The planet Jupiter and one of its moons, Io, may be considered to be uniform spheres that are isolated in space.

 Question 11

(a) State Newton’s law of gravitation. [2]

 

 

(b) The planet Jupiter and one of its moons, Io, may be considered to be uniform spheres that are isolated in space.

Jupiter has radius R and mean density ρ.

Io has mass m and is in a circular orbit about Jupiter with radius nR, as illustrated in Fig. 1.1.

 

Fig. 1.1

 

The time for Io to complete one orbit of Jupiter is T.

Show that the time T is related to the mean density ρ of Jupiter by the expression

ρT² = 3πn³/ G

where G is the gravitational constant. [4]

 

 

(c) (i) The radius R of Jupiter is 7.15 × 10⁴ km and the distance between the centres of Jupiter and Io is 4.32 × 10⁵ km.

The period T of the orbit of Io is 42.5 hours.

Calculate the mean density ρ of Jupiter. [3]

 

(ii) The Earth has a mean density of 5.5 × 10³ kg m^-3. It is said to be a planet made of rock.

By reference to your answer in (i), comment on the possible composition of Jupiter. [1]

 

[Total: 10]

 

 

 

Reference: Past Exam Paper – November 2017 Paper 42 Q1

 

 

 

Solution:

(a) Newton’s law of gravitation states that the gravitational force between masses is proportional to the product of the point masses and inversely proportional to the square of their separation.

 

 

(b)

{Density = mass / volume

Mass = Density × Volume

Since Jupiter is considered to be a uniform sphere, its volume = 4/3 πr³}

 

mass of Jupiter (M) = (4 / 3) πR³ ρ

 

{For the centripetal force, we may either use angular velocity or velocity.

Speed = distance / time = circumference / period}

 

ω = 2π / T                               or                    v = 2πnR / T  

 

{The gravitational force provides the centripetal force.

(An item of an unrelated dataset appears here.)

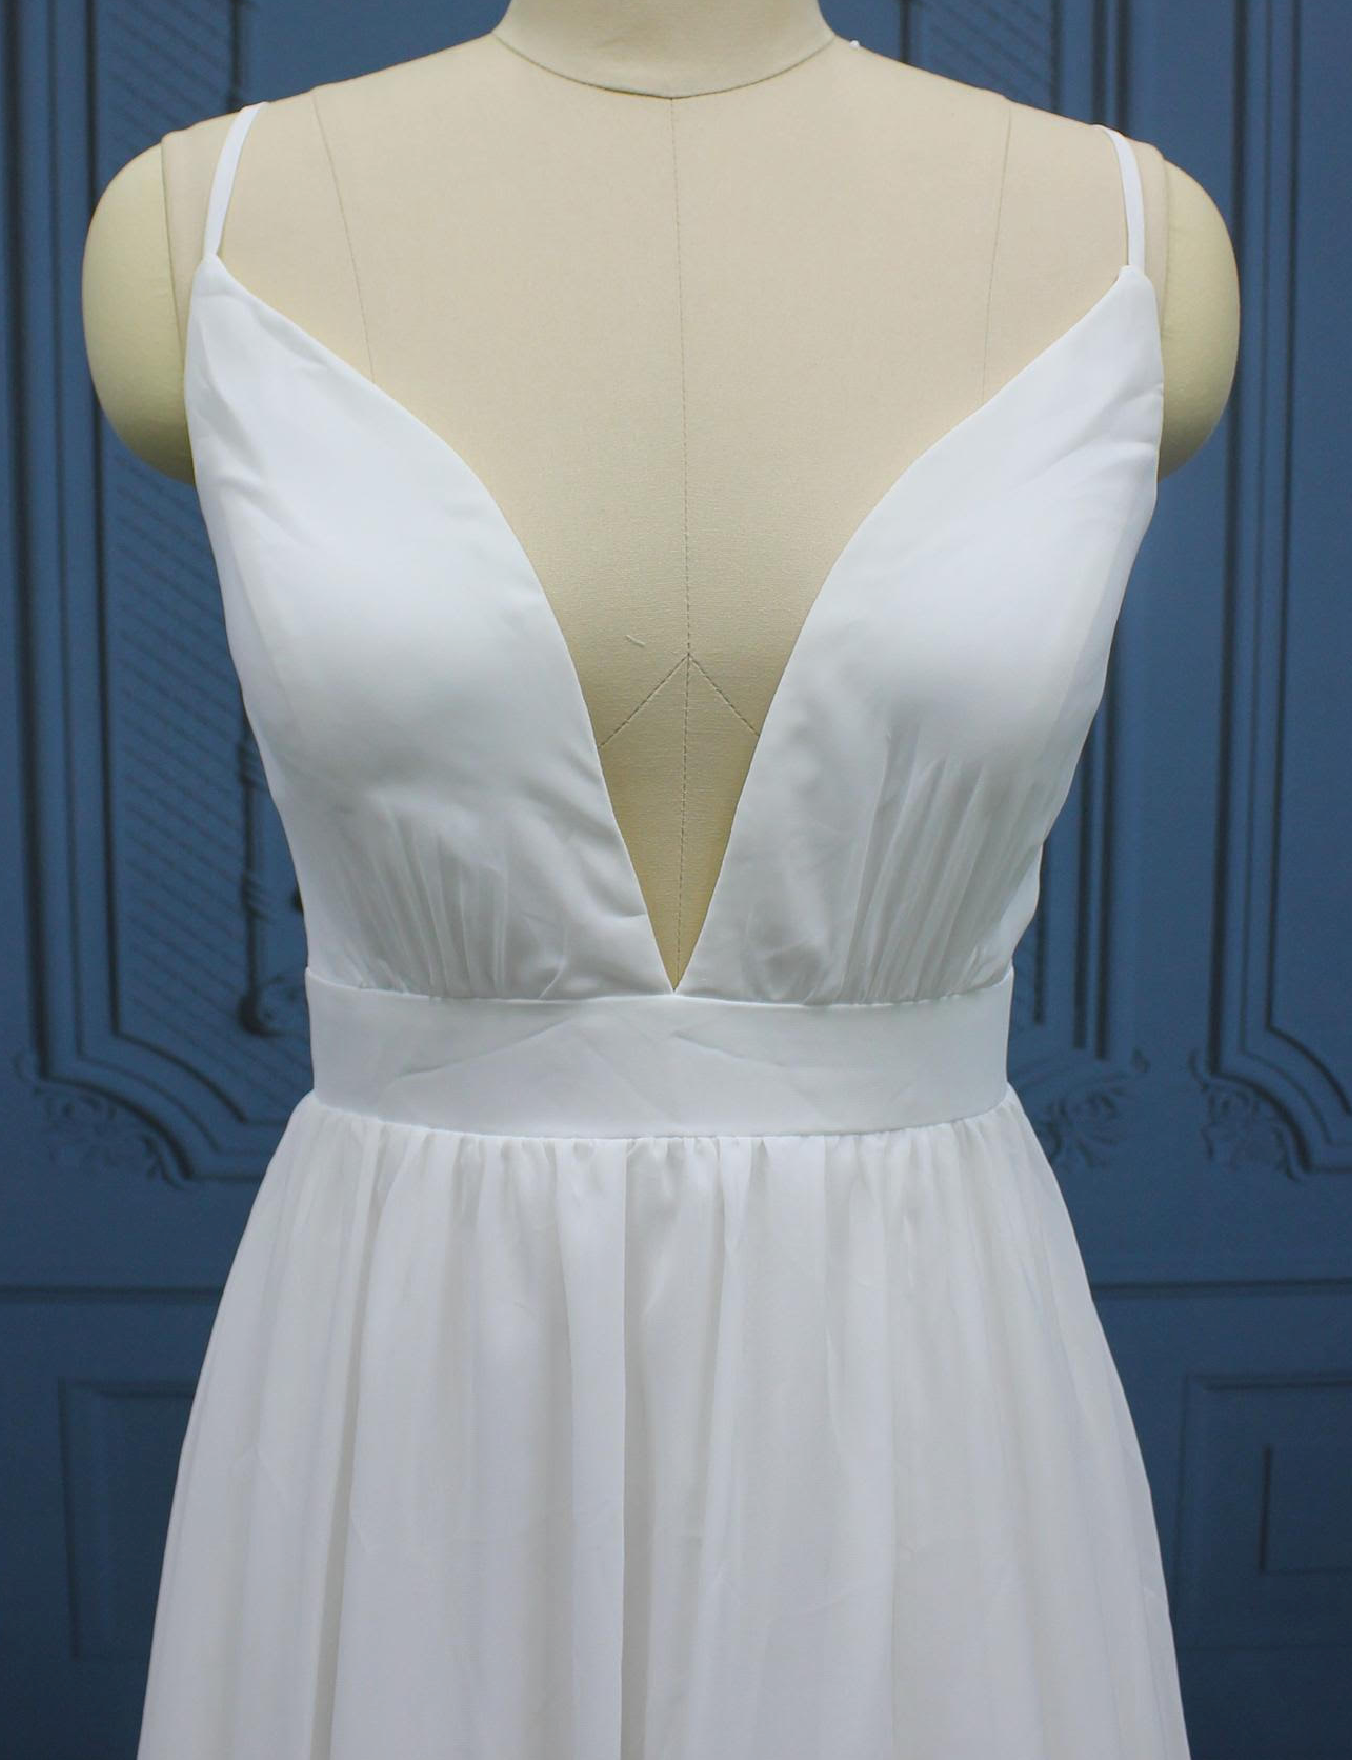 Cami straps V shape back detail pleated chiffon maxi dress $129
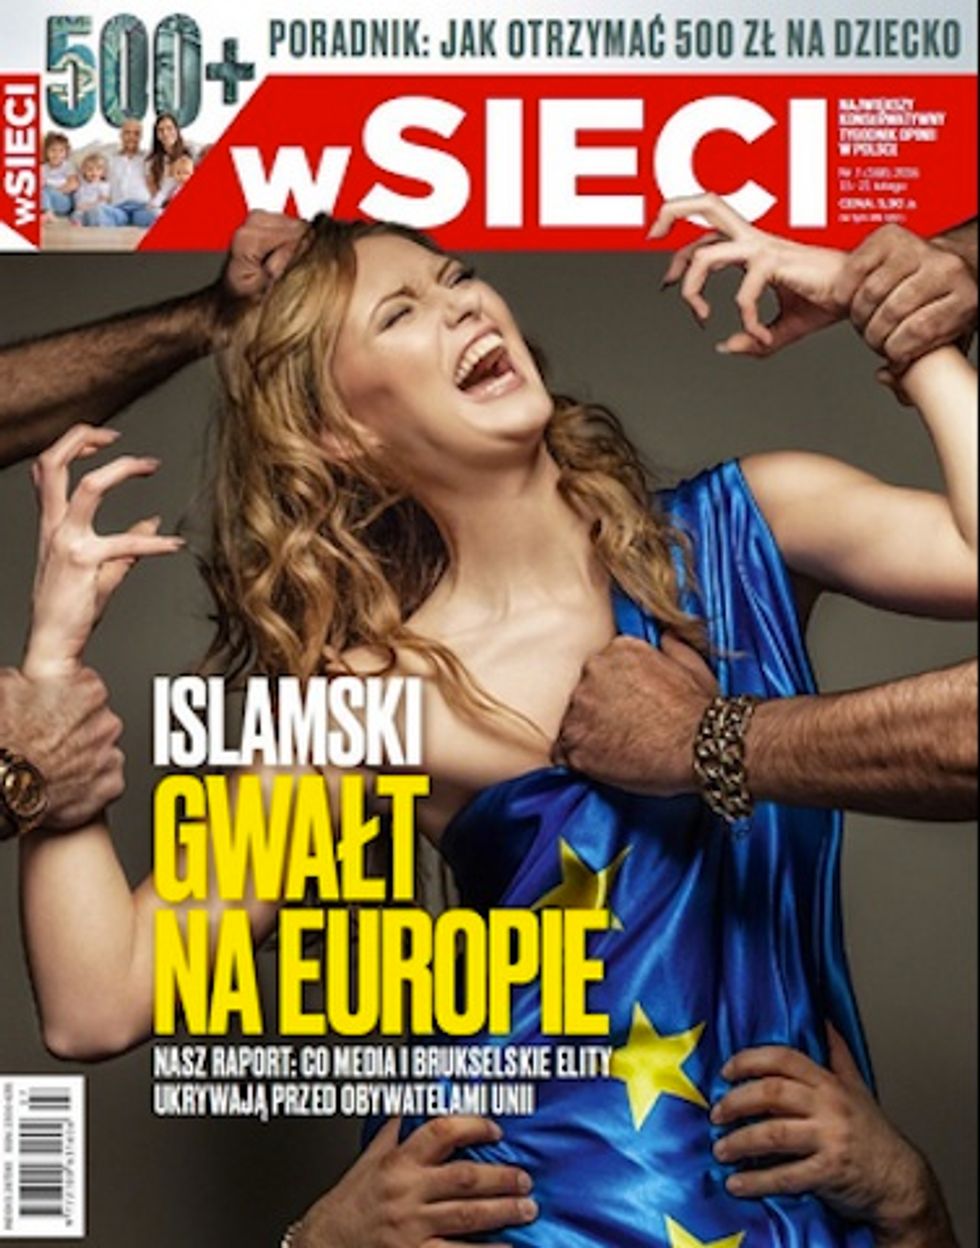 Islamic Rape of Europe': Polish Magazine's Eye-Popping Cover Has Blonde Woman Being Groped by Dark-Skinned Men

Centripetal force = gravitational force}

(m)ω²x = GM(m) / x²                  or                    (m)v² / x = GM(m) / x²               

 

{Note that        x = radius of orbit = nR

the mass of Jupiter is given in terms of R, its radius}

 

substitution and correct algebra leading to ρT2 = 3πn3 / G                

(m)ω²x = GM(m) / x² 

(2π / T)² nR = G ×((4 / 3) πR³ ρ) / n²R²

(2π / T)² n³R³ = G × (4 / 3) πR³ ρ

ρT² = 3πn³ / G

 

 

(c) (i)

{ ρT² = 3πn³ / G          We need to find n first.}

{R = 7.15 × 10⁴ km     and nR = 4.32 × 10⁵ km                     so, n = nR / R}

 

n = (4.32 × 10⁵) / (7.15 × 10⁴)            or        n = 6.04          

 

ρ × (42.5 × 3600)² = (3π × 6.04³) / (6.67 × 10^-11)                 

ρ = 1.33 × 10³ kg m^-3                                                 

 

 

(ii)

{The density is approximately one fifth of the density of the Earth.}

Jupiter likely to be a gas/liquid (at high pressure)       [allow other sensible suggestions]